Subpage of Storms 2017 video transcript
Storms talks about tritium
15:28 ● now the deuteron, if there happens to be another proton or another deuteron in there, it can start the process all over again. if another deuteron happens to be there, then it can make helium, or if a proton happens to be there it will make tritium. The deuterium has a choice, it can diffuse out, in which case it will be replaced by a proton, more likely, because that’s what’s in the general environment, or it can stay there and another proton comes in and that, starts to fuse, and it makes tritium instead.
A plot is shown of the relative yields of hydrogen and deuterium, with Ruby’s commentary at 24:33. She has:
new data supports the hydroton prediction that the amount of tritium is related to the deuterium to protium ratio in the fuel….
Caption of the chart from Storms (2016): Figure 13. Relative rates of formation for deuterium, helium, and tritium as a function of d/(p+d) in the NAE. The figure approximates ideal behavior when the concentration of NAE and temperature are constant. Unknown influences are expected to slightly modify the relationship. The concentration of p is 100% in the metal on the left side of the figure and d has a concentration of 100% on the right side.
I have not seen such data. If there is actual confirmation of the tritium prediction, as shown in the chart, that would be quite strong evidence supporting Storms’ theory.

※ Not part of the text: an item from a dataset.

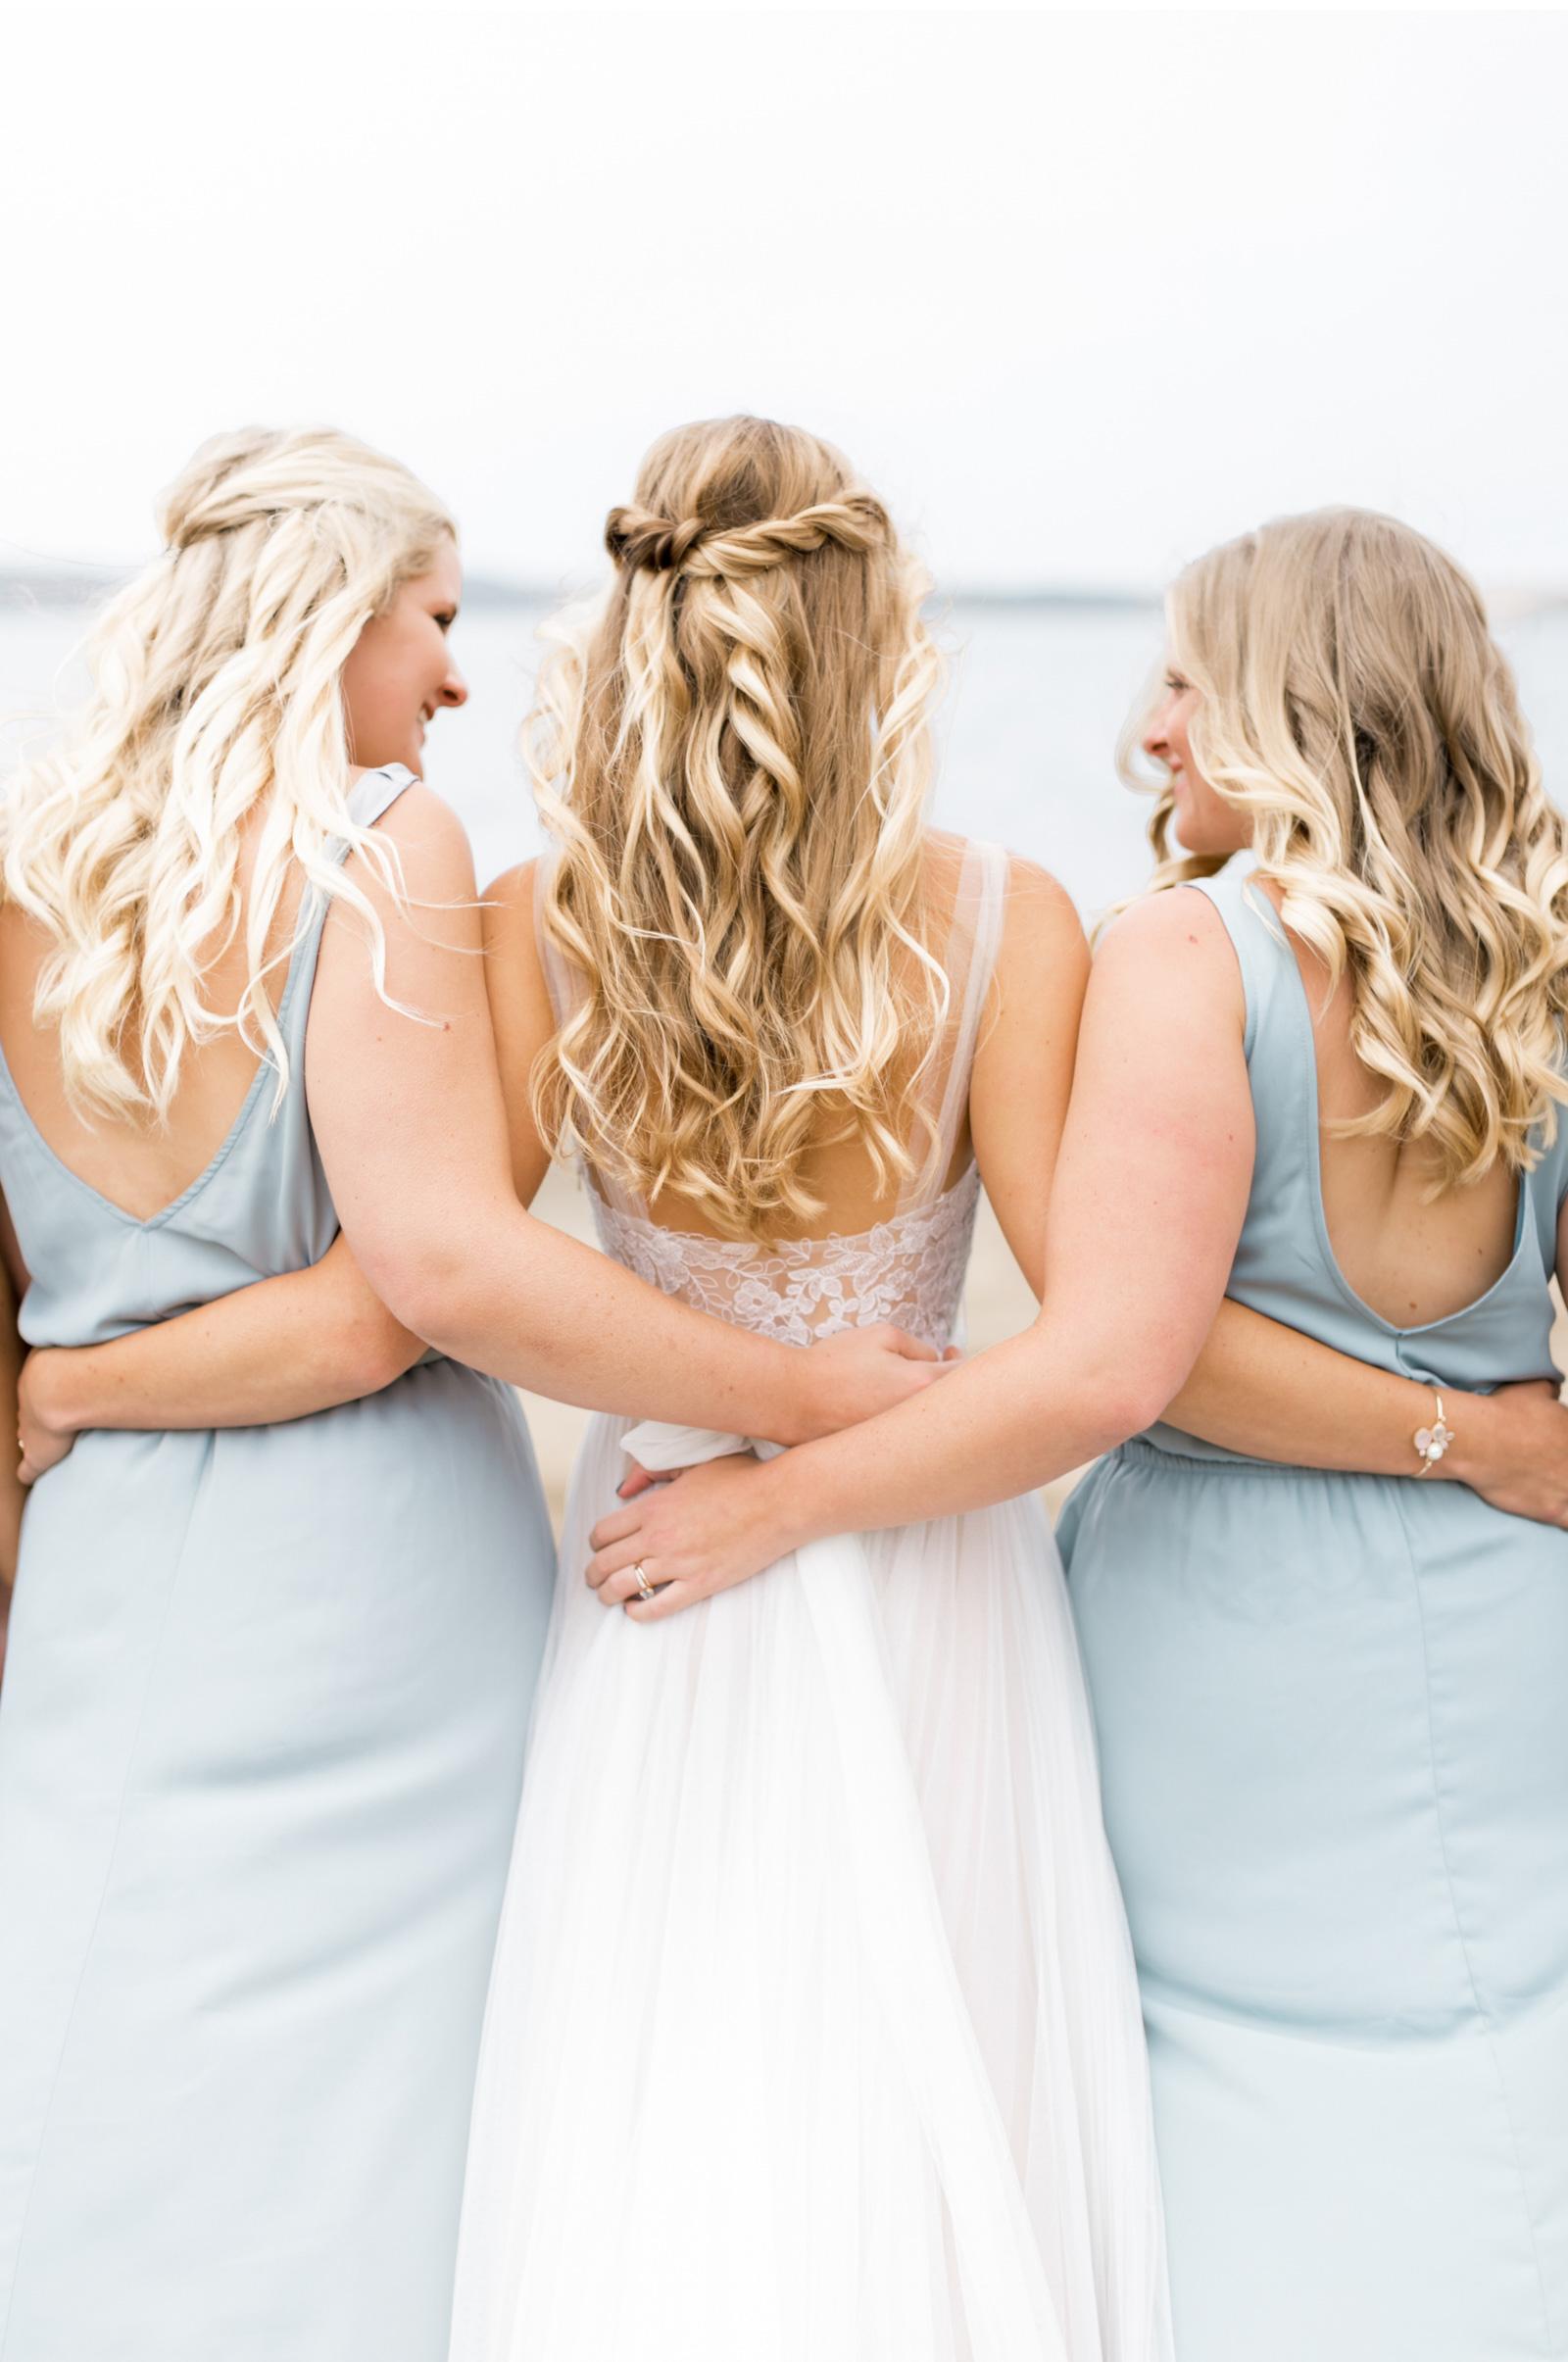 San-Luis-Obispo-Wedding-Show-Me-Your-Mumu-Natalie-Schutt-Photography_01.jpg
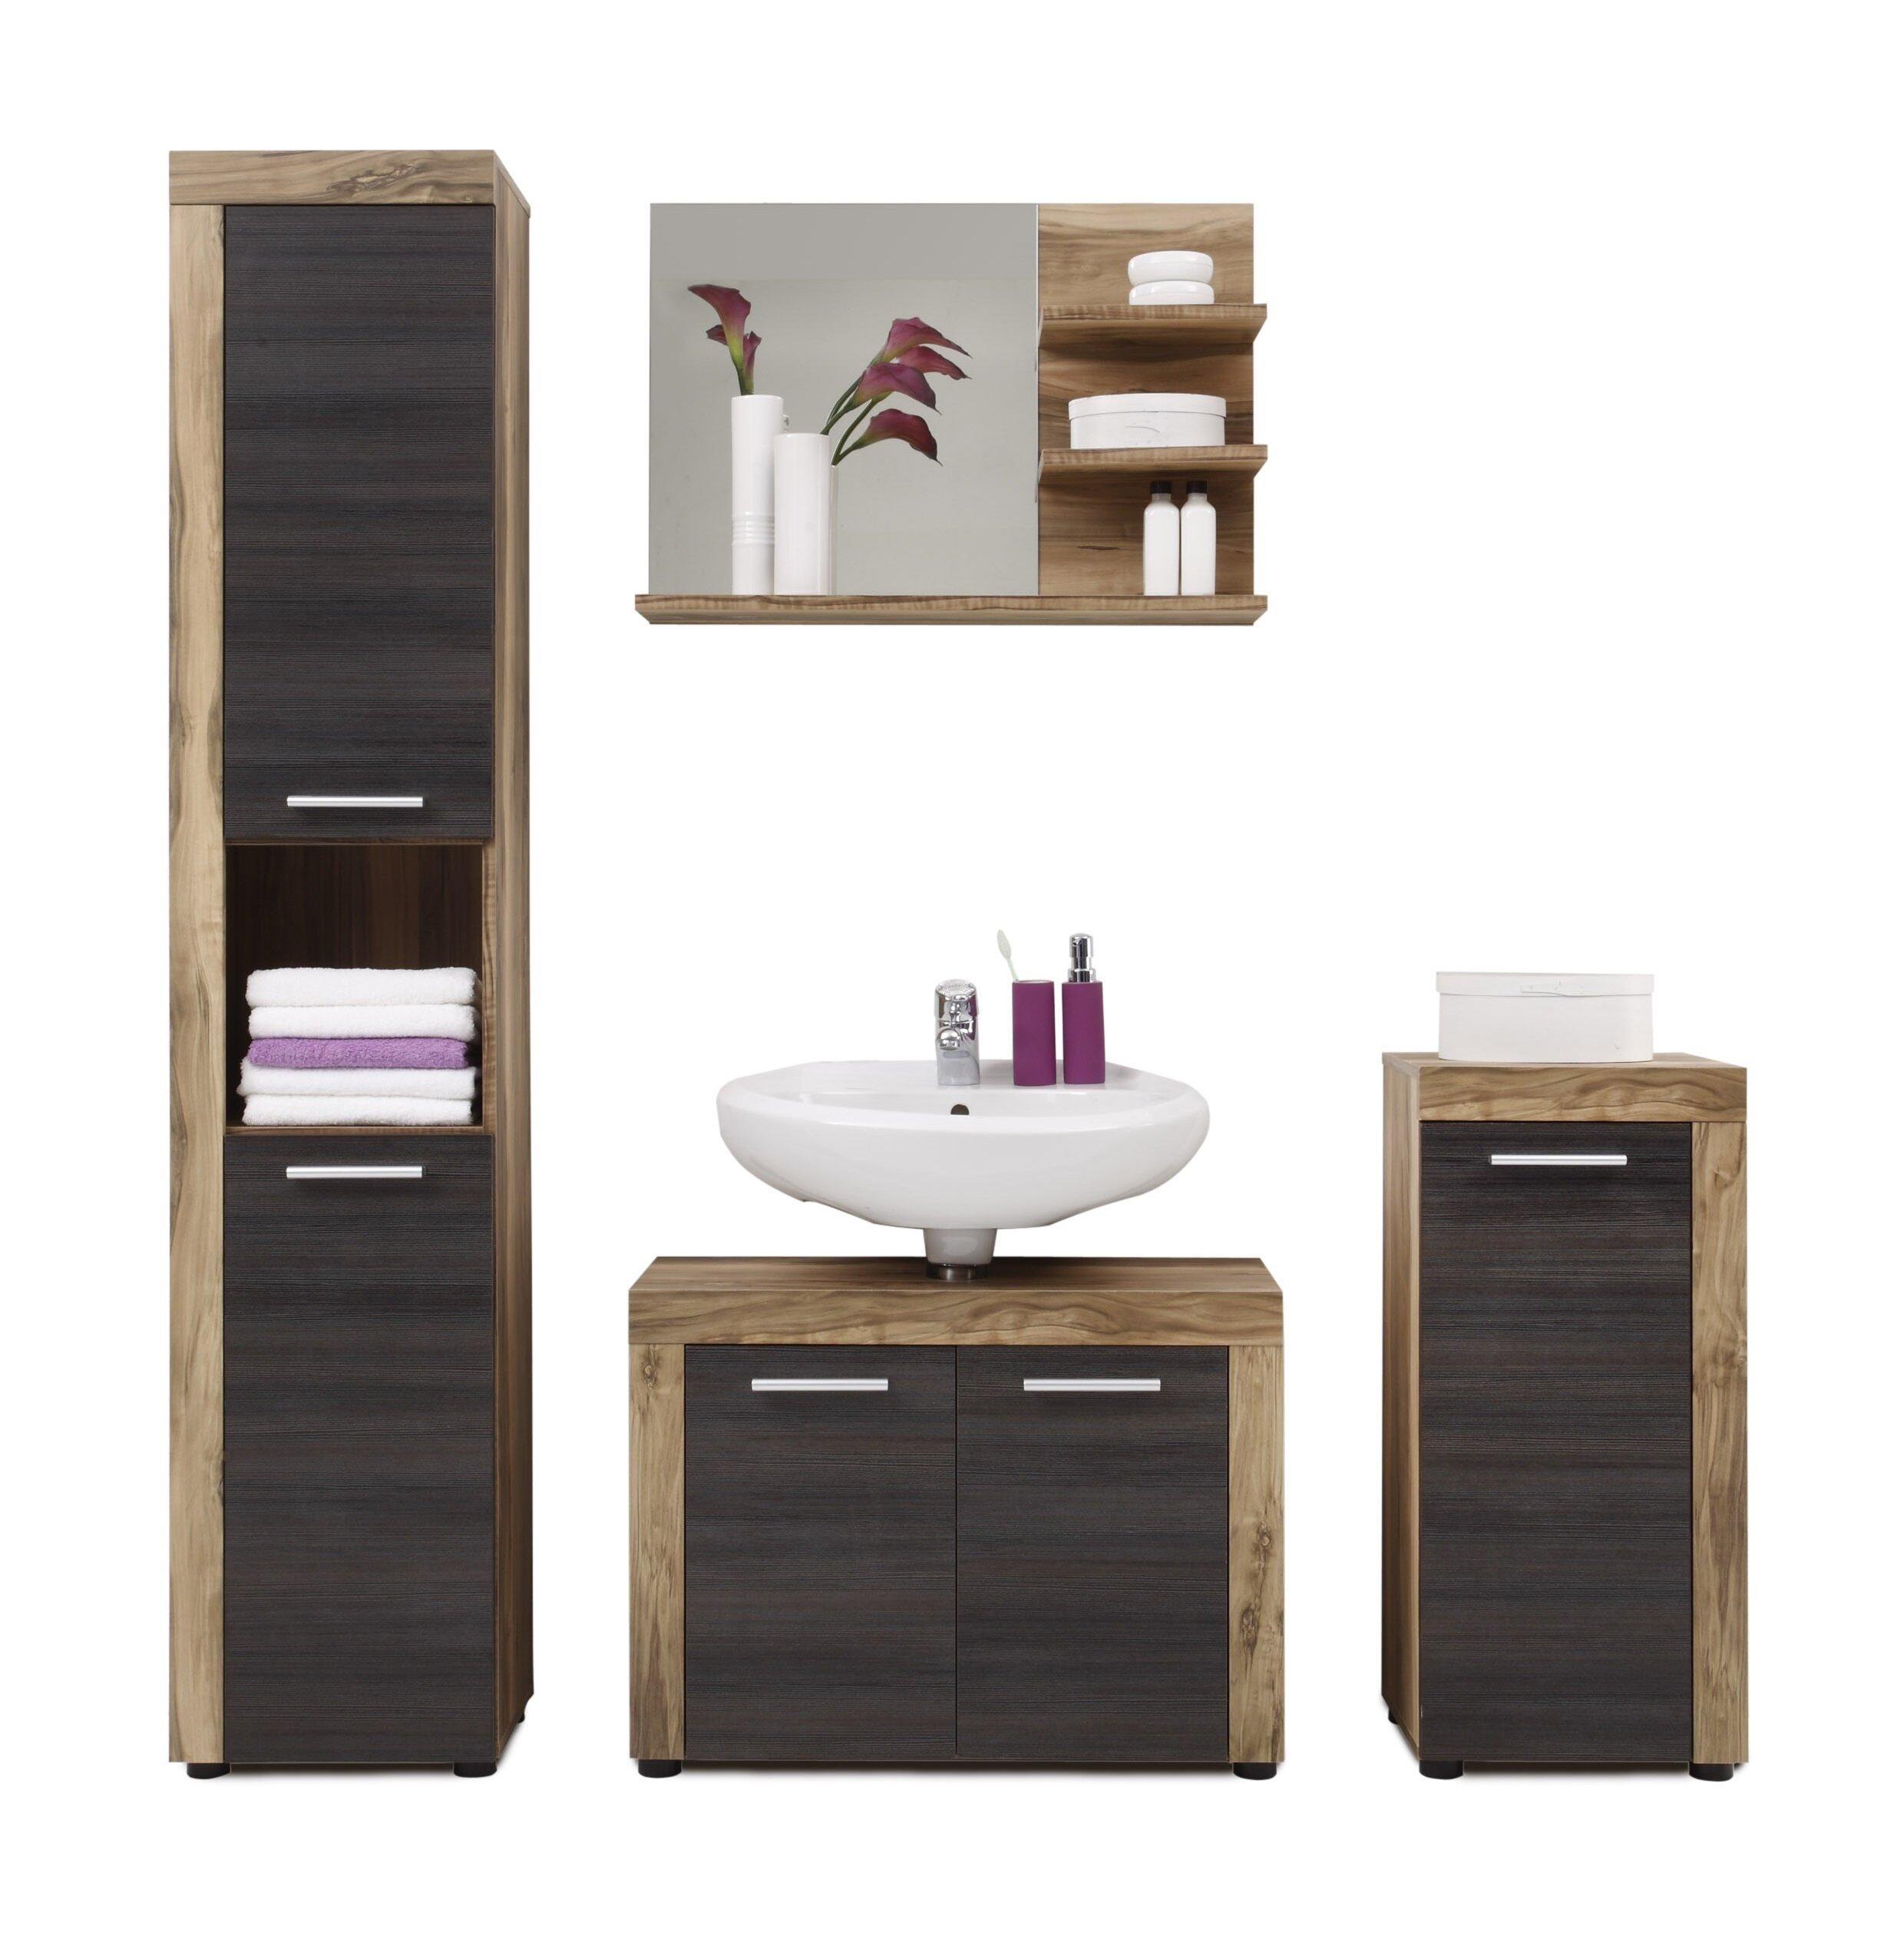 Partone 10 Piece Bathroom Storage Furniture Set

I don’t understand the chart. From the theory of constant NAE, that works the same with any of the three hydrogen isotopes, I would expect to see the helium fraction be the probability of the pairing of two deuterons. With equal H and D, the probability of pairing D-D would be 25%, H-H would be 25%, and H-D, producing tritium, 50%. Tritium would dominate. Something else is happening. Storms explains:
Because fusion between two p requires loss of only 0.95 MeV from each nucleus, this fusion reaction will be
completed before enough energy has been lost from the adjacent d and p for them to form tritium. Thus, the rate of formation of tritium first increases as p is added, then is reduced as the atom fraction of p in the hydrogen mixture approaches 0.5 where the deuterium and helium formation reactions dominate.
Storms does not quantify this effect. He does not specify that the rate of energy loss is the same for p as for d, but the energy release process is shared in alternating pairs. His claim of early completion of fusion for p-p pairs does imply that the rate is the same — but I have never seen Storms fully address the issue of inhomogeneity along the hydroton. The process he describes would have the reacted pairs vacate at least one of the positions in the hydroton to be replaced by new fuel. With H/D ratio = 1, what would happen?
Imagining that the energy release process removes about the same amount of energy from each nucleon with each cycle, and that d-d requires 12.9 MeV per nucleon, p-d requires 2.45 MeV, and p-p 0.95 MeV, and neglecting reloading time, and, as well, the shutdown of half of the d and t process from the other half of the pair being missing, the time to fusion ratio, for d, t, and He production would be 1:2.5:13.6, so this would push production rate toward deuterium over tritium and tritium over helium. The chart does not appear to reflect that; it is, rather, symmetrical. I don’t know how that chart was calculated, it shows deuterium being equal to helium at H/D 1.0.
However, what does the hypothesis predict as to what is known? H/D ratio is not always reported, and there is a problem with heavy water, it is hygroscopic, i.e., it absorbs light water from humidity in the air, which will increase the H/D ratio.
Storms had found previously, shown in his book as Figure 67, p. 133, that 1.6% H (atom percent) (in the electrolyte) can poison the excess heat. This figure was from his on-line published 2001 paper. As he points out, there is a separation factor favoring hydrogen evolution and loading into the palladium, over deuterium, and he gives an example where a cathode loaded to 25% H when electrolyzed in 99.9% D2O, but another study defined a separation factor of 9.2-9.3.
The first Fleischmann and Pons report (1989) used 99.5% D2O. Assuming 0.5% H, the H in the palladium could approach 5%. Given the preferential production of tritium over helium, there should have been not just a little tritium, rather a lot.
The numbers I have commonly used to compare helium, tritium, and neutron production is that tritium is roughly a million times down from helium, and neutrons are about a million times down from neutrons. Because of the studies that looked for tritium and neutrons, the latter figure has some substance. The former is a very rough estimate. But say we have 0.1% H from using 99.9% D2O. That would become 1% from the separation factor. The tritium production should then be at least 1% of the helium production, plus an increase from the faster fusion time. It is far, far less. Storms’ theory does not appear to match experimental evidence on tritium.